第58話 夢の行きつく場所にて

 【夢の行きつく場所】、誰が呼び始めたかは定かでは無いが兎に角そこはそう呼ばれる場所であった。

 その場所は言わば巨大なMTの不法投棄の場所である。

 一説によれば最初は観光も出来るほどの風光明媚な島だったという。

 それがMTの台頭と共に徐々に使われなくなったMTを捨てていくようになった。

 今ではここを拠点としたマフィアや違法住居者がたむろいておりどこの国にも所属していないが、どこの国ものでも捨ててよいといった誰が言いだしたか分からないルールが世界でまかり通っている。

 ある意味どの国よりも長く続いているこの島は今現在においても様々な国が実験に失敗したMTや利用価値の無くなったMTなどを秘密裏に捨てている。

 夢を持ち死んでいった兵士の事か、それともそれを託されたMTの事かは不明だがそれの終着点、故にここは【夢の行きつく場所】と呼ばれるのである。
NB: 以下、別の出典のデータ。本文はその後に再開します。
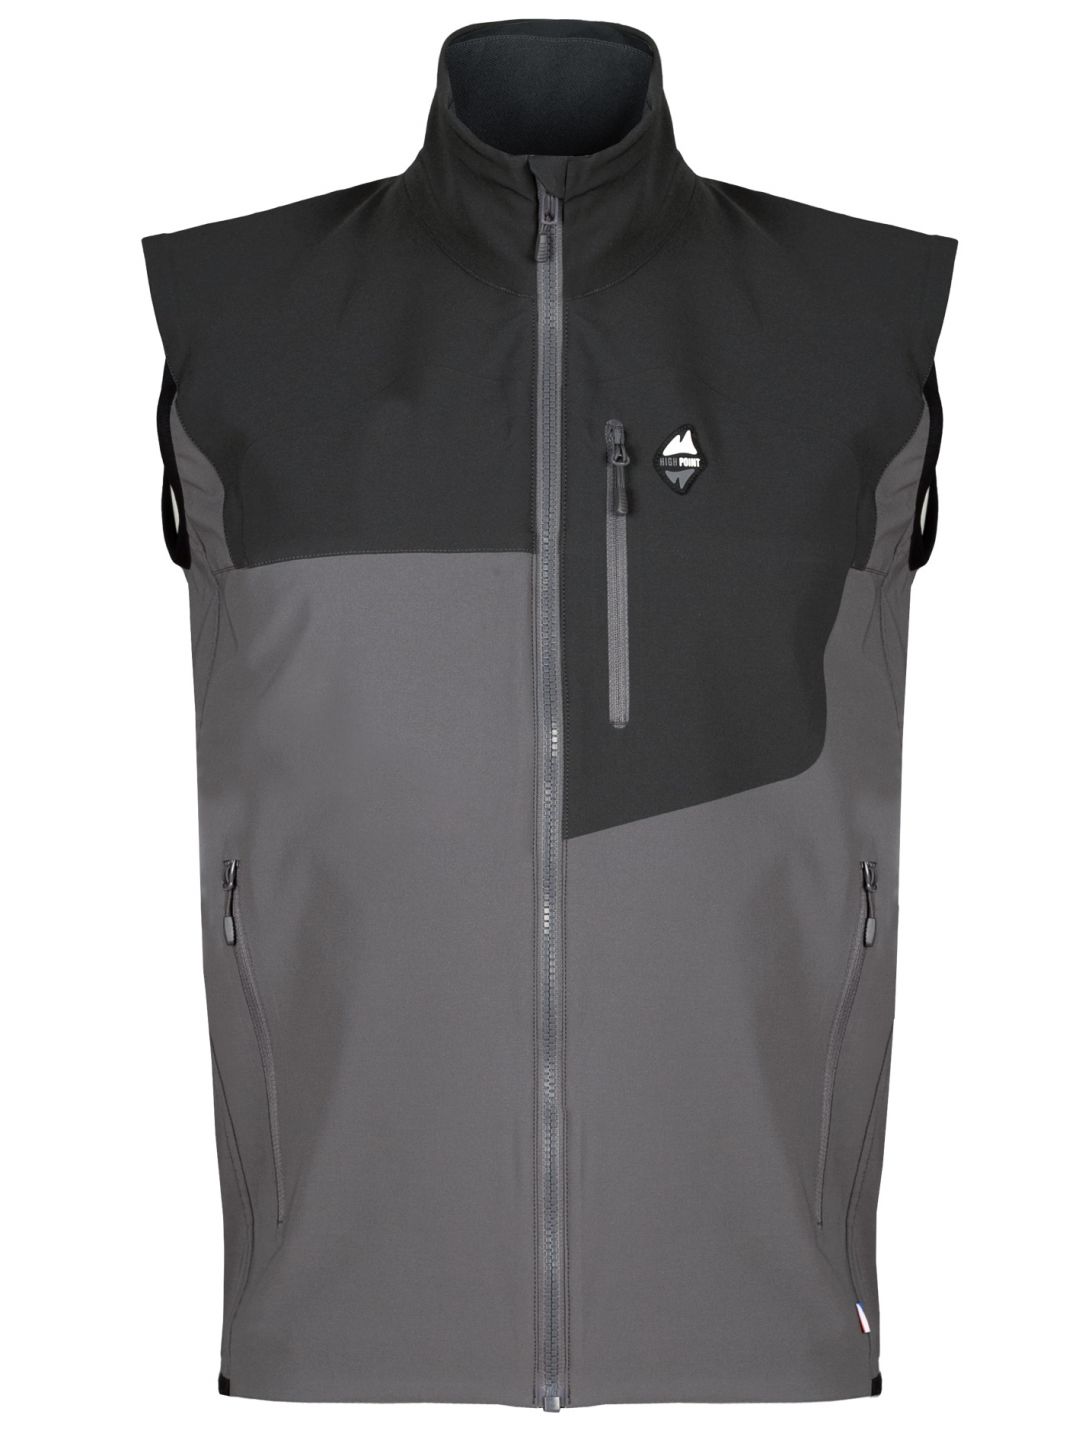 HIGH POINT Atom Vest Black/grey varianta: M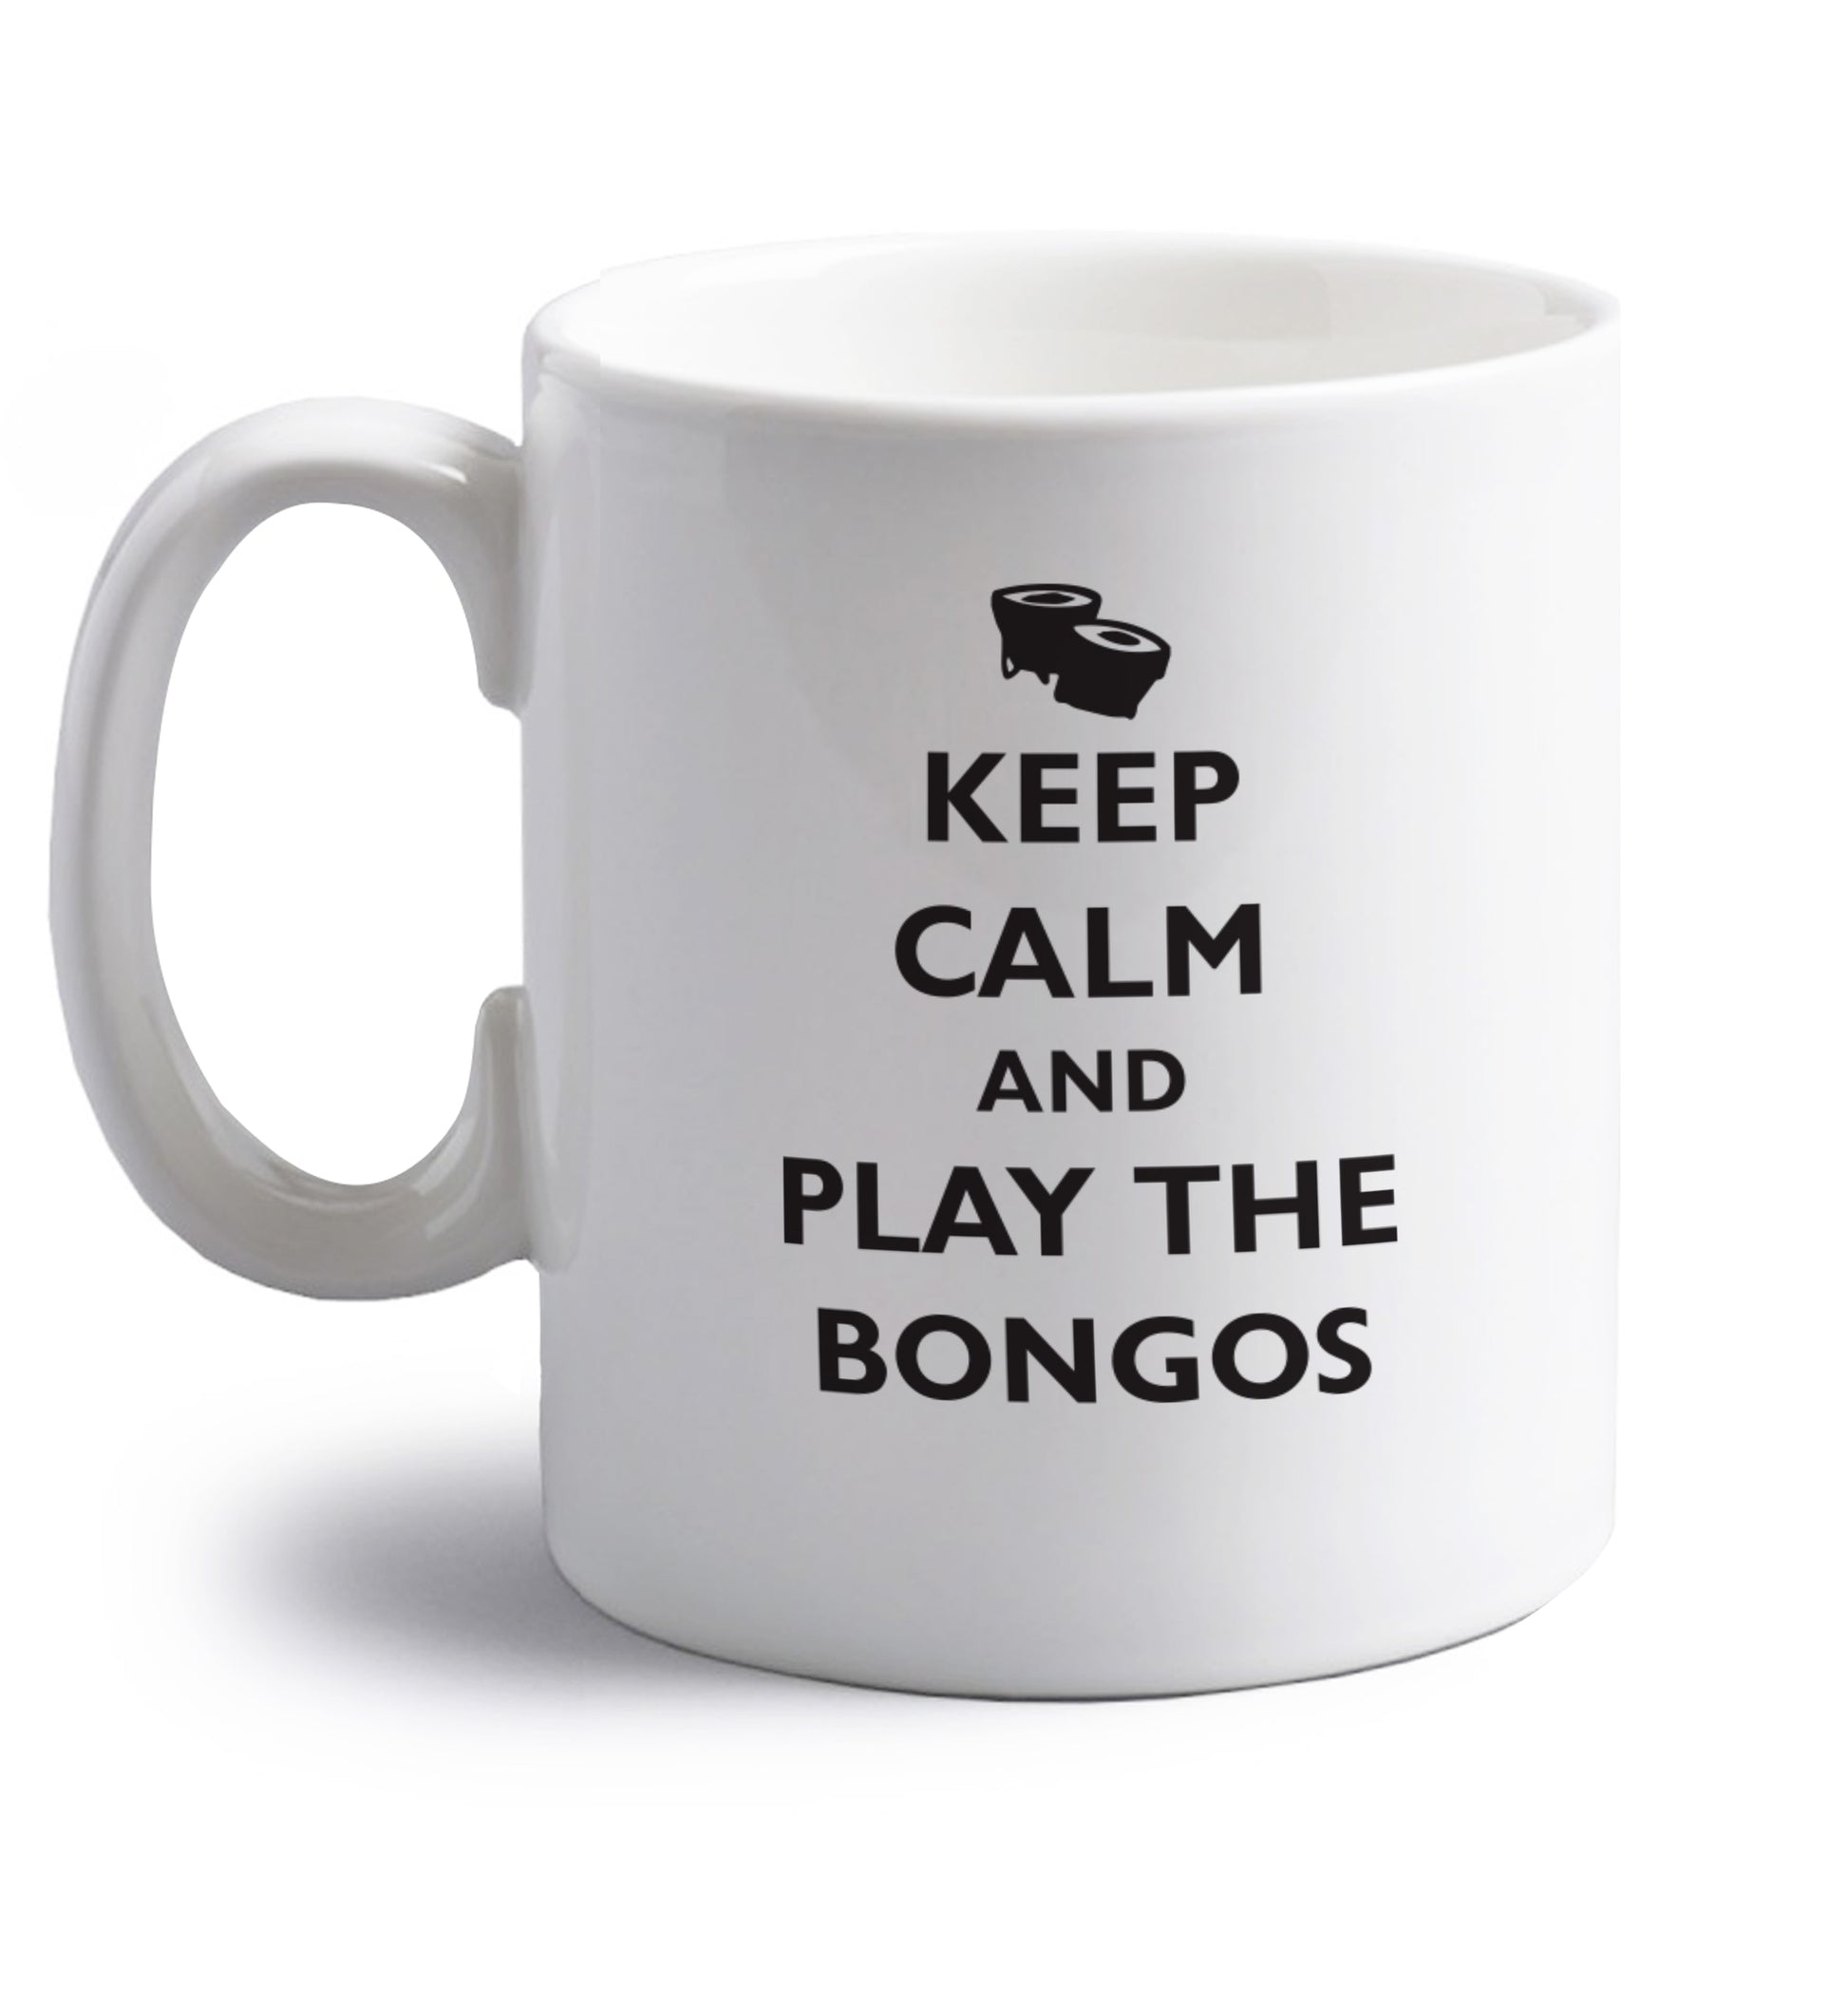 Keep calm and play the bongos right handed white ceramic mug 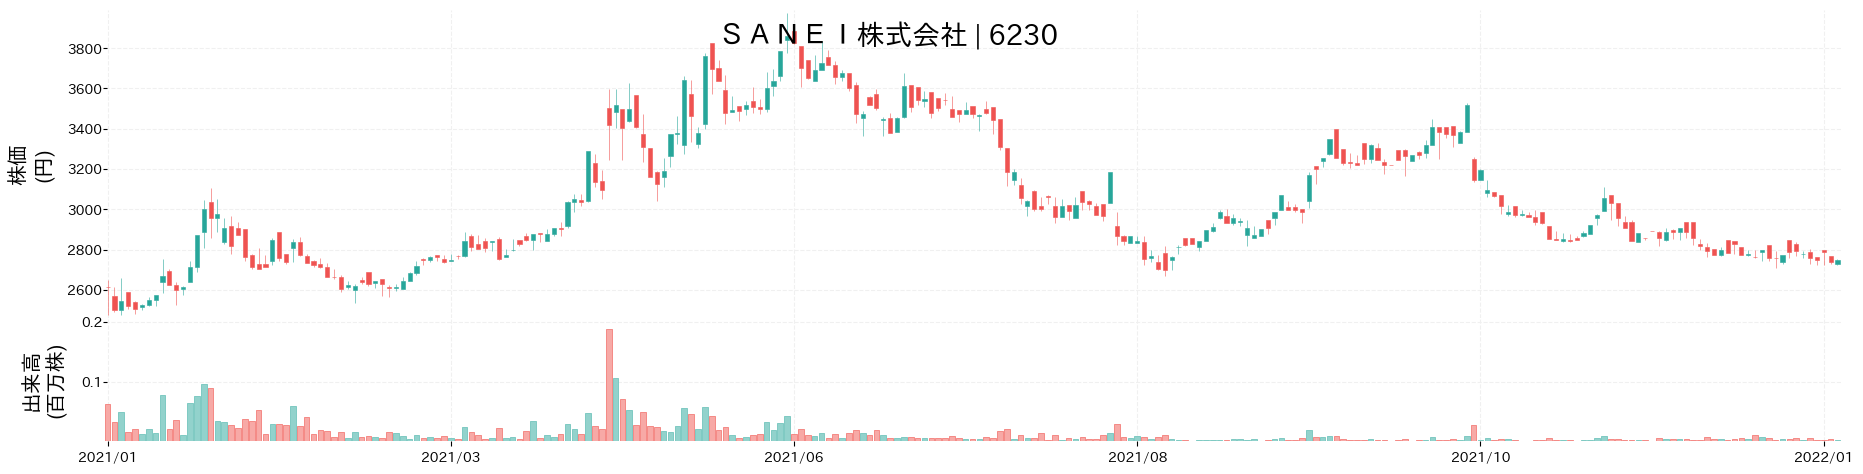 SANEIの株価推移(2021)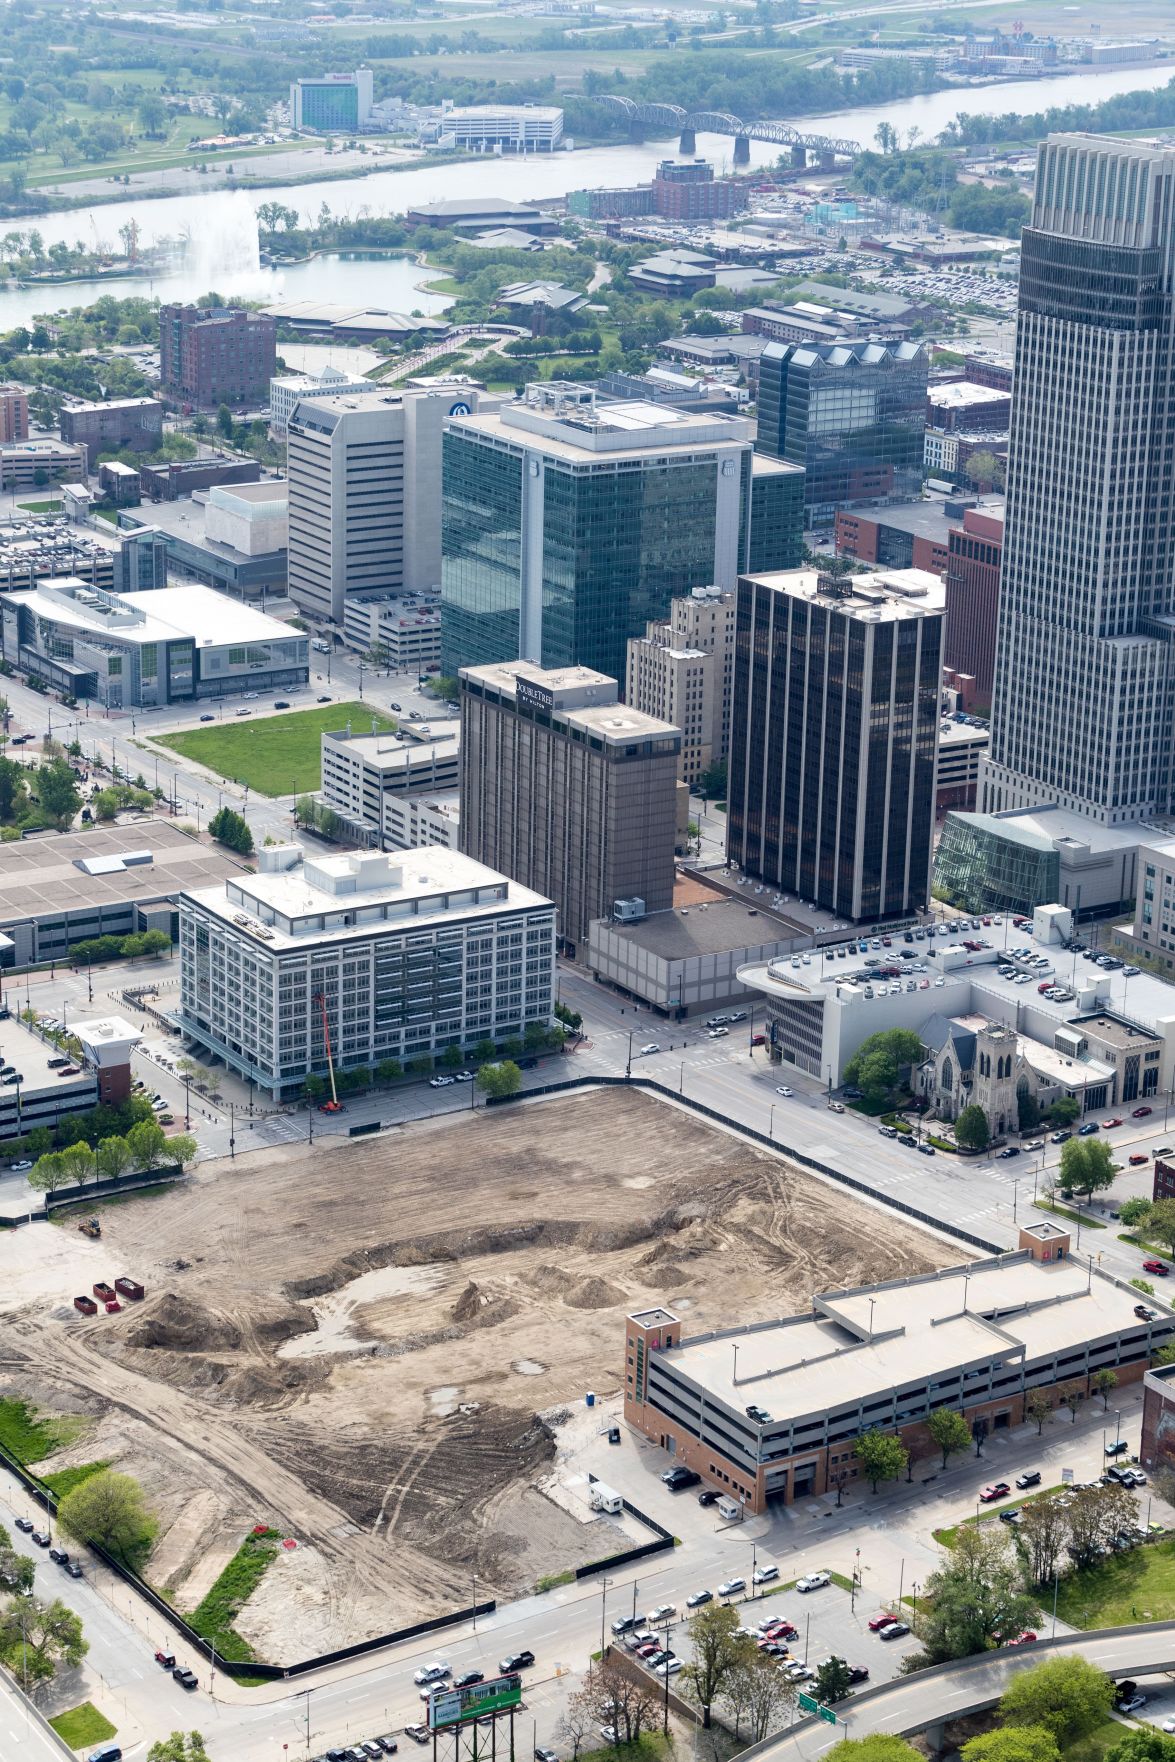 20 aerial photos of the Omaha area in 2017 | Omaha Metro | omaha.com

 ―夢の行きつく場所の近海上空にエーデルワイスはいた。

 そのミーティングルームにてこの作戦の最終確認をしていた。

 「…と言う訳で最近、夢の行きつく場所にて人が急劇に減ったり何やら不審なMTが目撃されたと言う証言が来ている。それを確認するのが今回の目的だ。何か質問はあるか?」

 ユーリの問いかけにドロシーがゆっくりと手を挙げる。

 「…MTの目撃証言はともかく、人の減少はそこから離れたりマフィア同士の殺し合いという可能性は。」

 「無いと思われるから俺らに声が掛かったんだろうな。」

 ユーリはオリビアに目線を送ると夢の行きつく場所の全体図が出てきた。

 「夢の行きつく場所は大小様々な国に囲まれているがユースティアの観測部隊も盗聴した他の国もここ最近島外に出入りした船は無いそうだ。そして殺し合いの可能性は無くは無いがそれにしても観測出来ている人数が少なすぎる。」

 自分でも可能性は低いと思っていたのかドロシーは納得した様であった。

 「その目撃されたMTというのは私たちみたいに調査に来た何処かの国のMTという可能性は!?」

 ティナが大きな声で質問するがそれもユーリは首を横に振り否定する。

 「目撃情報は人の減少の前よりあったし何より軍部の方で姿形で照合したがどこの国にも該当が無かったらしい。」

 「結局今の所何も分かってないんじゃねえか。」

 「だから調査に行くんだろう。」

 アドルファスが愚痴を零すがユーリは軽く返す。

 「現状諜報部が予想している道筋としては何処かの国が夢の行きつく場所でMTを開発、それを発見した人間を次々に殺害。という説が濃厚と考えているらしい。」

 「…確かにあそこなら材料には困らないでしょうね。」

 「150年近い積み重ねがあそこにあるからね!アンティークも最新のも集めようとしたらあそこが最適かも知れないね!!」

 「で、おまえはどう思うんだよ。新入り。」

 とアドルファスが席に座っている四人目に目線を向けるとその四人目は肩をビクッと震わせる。

 「え、え~、自分は、その…。」

 「何もないならないでいいぞ、リー軍曹。」

 「す、すいません。」

 そう言って肩身を狭くしているのはマイケル・リー軍曹。

 ドラクル小隊に配属されてからまだ二週間ほどであり本格的な作戦行動は今回が初めてとなっている。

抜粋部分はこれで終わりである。